Die Staatsgründung Israels im Mai 1948 und der daraus folgende Krieg zwischen Israel und seinen arabischen Nachbarn bedeutete für Hunderttausende Palästinenser Flucht und Vertreibung aus ihrer Heimat. Diese traumatische Erfahrung nennen die Palästinenser 'Nakba' (arab. Katasrophe). 100.000 Palästinenser flohen damals in den Libanon. Heute zählt die United Nations Relief and Works Agency for Palestine Refugees in the Near East (UNRWA) mehr als 450.000 Flüchtlinge.
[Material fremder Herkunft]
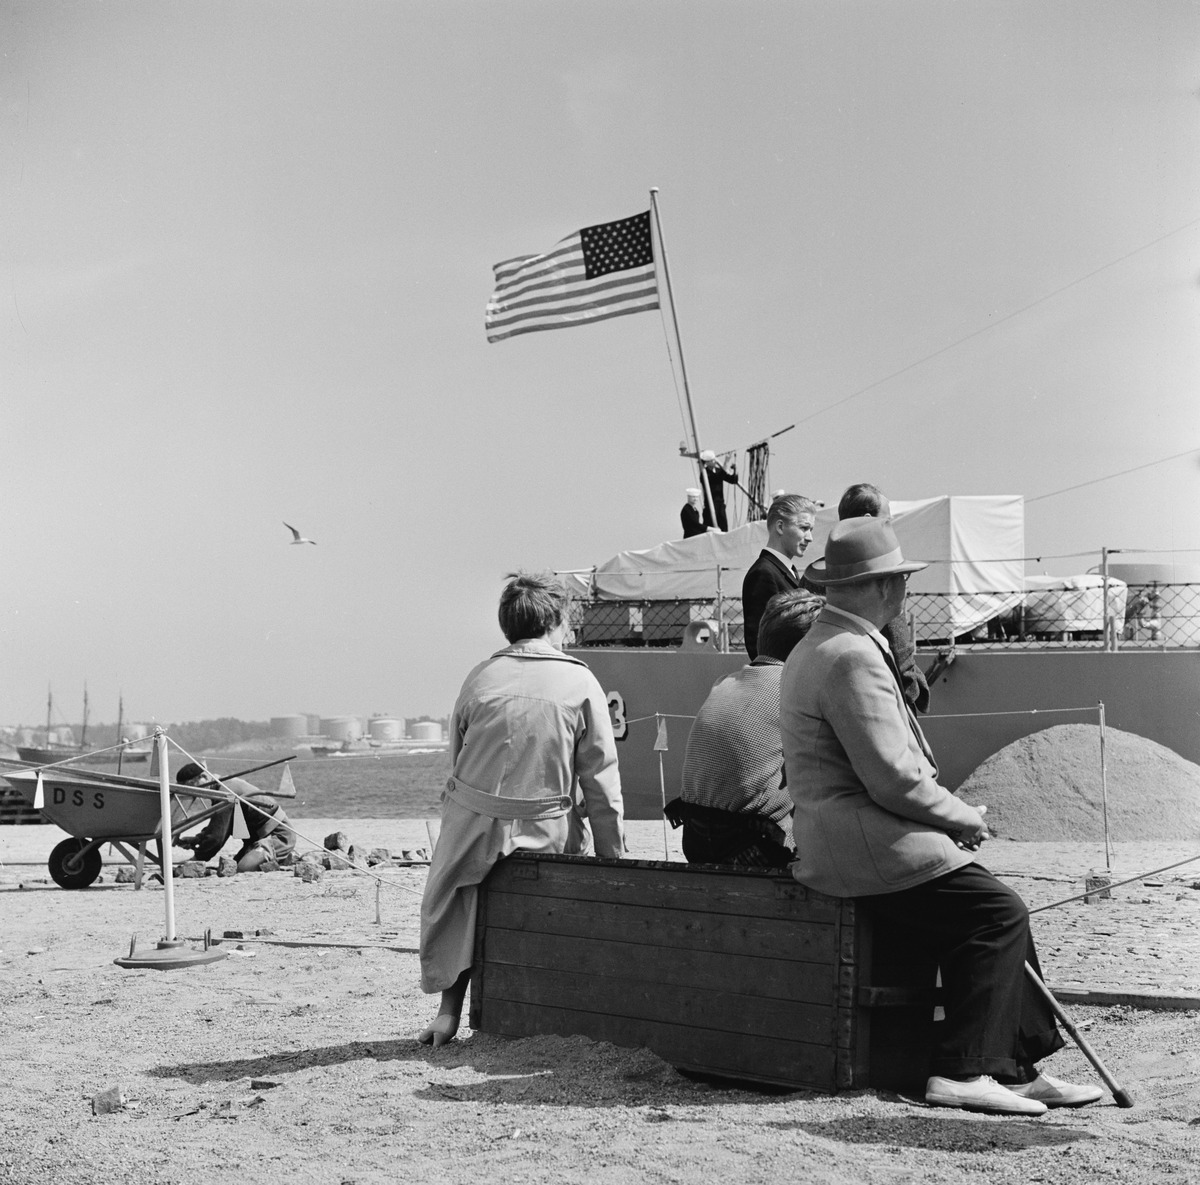 Ihmiset katselevat sota-alusta Eteläsatamassa, Katajanokanlaiturissa katajanokan kärjessä

Die Hälfte der Palästinenser lebt in den von der UNRWA betreuten Flüchtlingslagern. Arbeitsbeschränkungen, fehlende Bildungsmöglichkeiten und wachsende Armut, Perspektivlosigkeit und Ausgrenzung prägen ihr jahrzehntelanges Flüchtlingsschicksal mehr denn je.

So dürfen sie außerhalb der Lager nur wenige Berufe ohne Arbeitserlaubnis ausüben. und keine Immobilien erwerben.Der wirtschaftlich schwache und politisch instabile Libanon kann und will die Flüchtlinge auf absehbare Zeit nicht integrieren. Auch alle Friedensinitiativen vernachlässigen bisher die Flüchtlingsfrage. Vergessen von der Welt und den eigenen politischen Führern wachsen deshalb in den Flüchtlingslagern Resignation und Verzweiflung. Frieden im Nahen Osten wird aber nur möglich sein, wenn Menschen- und Völkerrecht auch für die palästinensischen Flüchtlinge Geltung bekommen.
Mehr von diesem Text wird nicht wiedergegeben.